Outre le côté parfaitement absurde d'une telle affirmation, alors que 140 000 mineurs ont maintenant derrière eux deux mois et demi de grève, les choses se sont en fait passées exactement à l'inverse.

Lorsque la grève a éclaté, dans les premiers jours de mars, elle est partie d'un petit nombre de puits du Yorkshire dont les Charbonnages venaient d'annoncer la fermeture alors que personne ne s'y attendait. Spontanément, les mineurs des puits concernés se sont adressés à ceux des puits voisins, si bien qu'en l'espace d'une journée, 29 000 mineurs se sont retrouvés en grève. Tout naturellement, les grévistes ont alors décidé d'organiser des piquets de grève volants pour aller mettre en grève les autres bassins, dont bon nombre étaient eux aussi touchés par les menaces de fermeture.

Face à ce mouvement largement spontané, la réaction des responsables du NUM a été unanime de la droite à la gauche du syndicat, Scargill compris : tous prétendaient limiter le mouvement au seul bassin du Yorkshire d'où il était parti.

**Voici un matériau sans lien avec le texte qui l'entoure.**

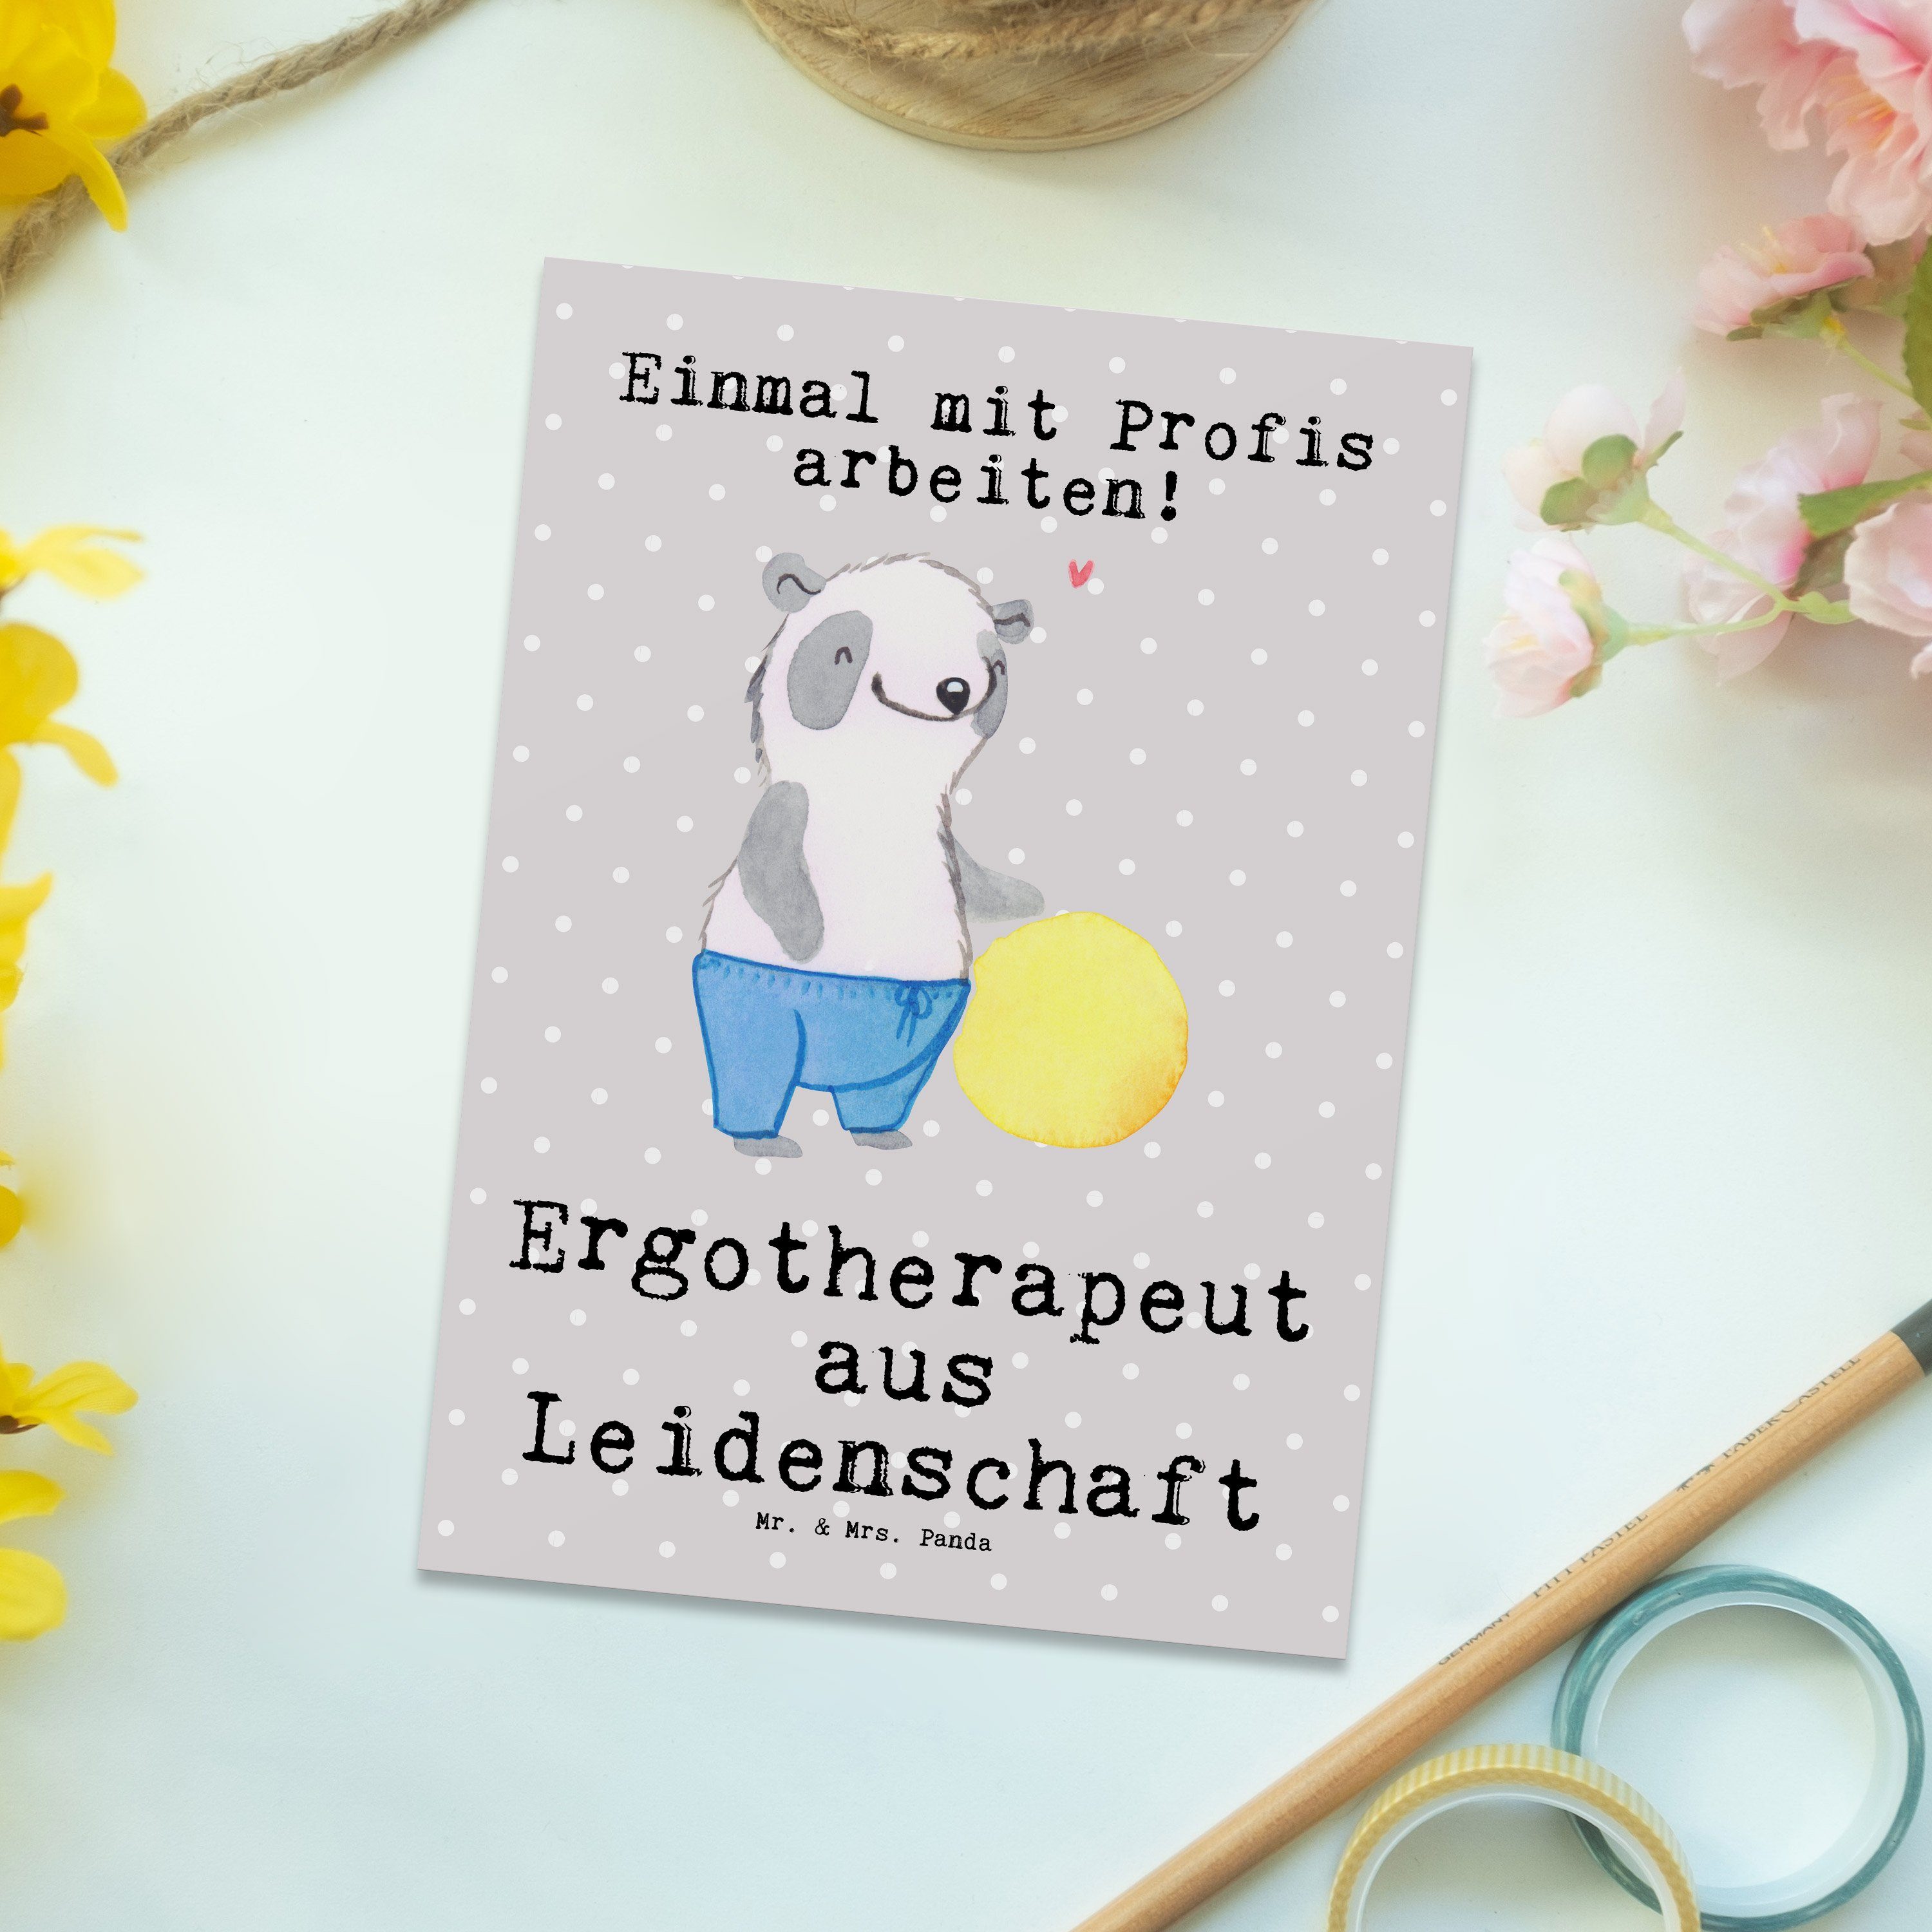 Grau Mr. Panda Ergotherapeut Jubiläum, - Mrs. aus Postkarte Geschenk, Pastell - & Leidenschaft A

Et c'est finalement une fois qu'ils ont été placés devant le fait accompli, alors qu'il n'était plus possible de rappeler les piquets de grève et que déjà le mouvement s'étendait, gagnant l'Écosse, le Pays de Galles et le Kent, que Scargill et la direction du NUM ont fait le choix de prendre le mouvement en marche et d'en assumer la direction face aux travailleurs.

En revanche, les dirigeants nationaux du TUC et, d'une. façon générale, toute la droite du mouvement syndical et travailliste, ont gardé la même attitude hostile vis-à-vis des grévistes et n'en ont pratiquement pas changé en deux mois et demi de grève.

Certains, comme Eric Hammond, le président du syndicat des électriciens, ont purement et simplement condamné la grève. Hammond, dont le syndicat est majoritaire dans les centrales thermiques, a été jusqu'à appeler ouvertement ses adhérents à franchir les piquets de grève des mineurs. Il faut dire qu'en Grande-Bretagne, dans la plupart des grandes grèves, il est de tradition que les grévistes mettent en place des piquets de grève devant les sociétés qui sont des clients ou des fournisseurs de leur patron, et que tout ouvrier syndiqué se doit de refuser de franchir un tel piquet de grève. D'où la consigne de Hammond contre les piquets de grève mis en place par les mineurs devant un grand nombre de centrales thermiques dont ils cherchent à paralyser le fonctionnement.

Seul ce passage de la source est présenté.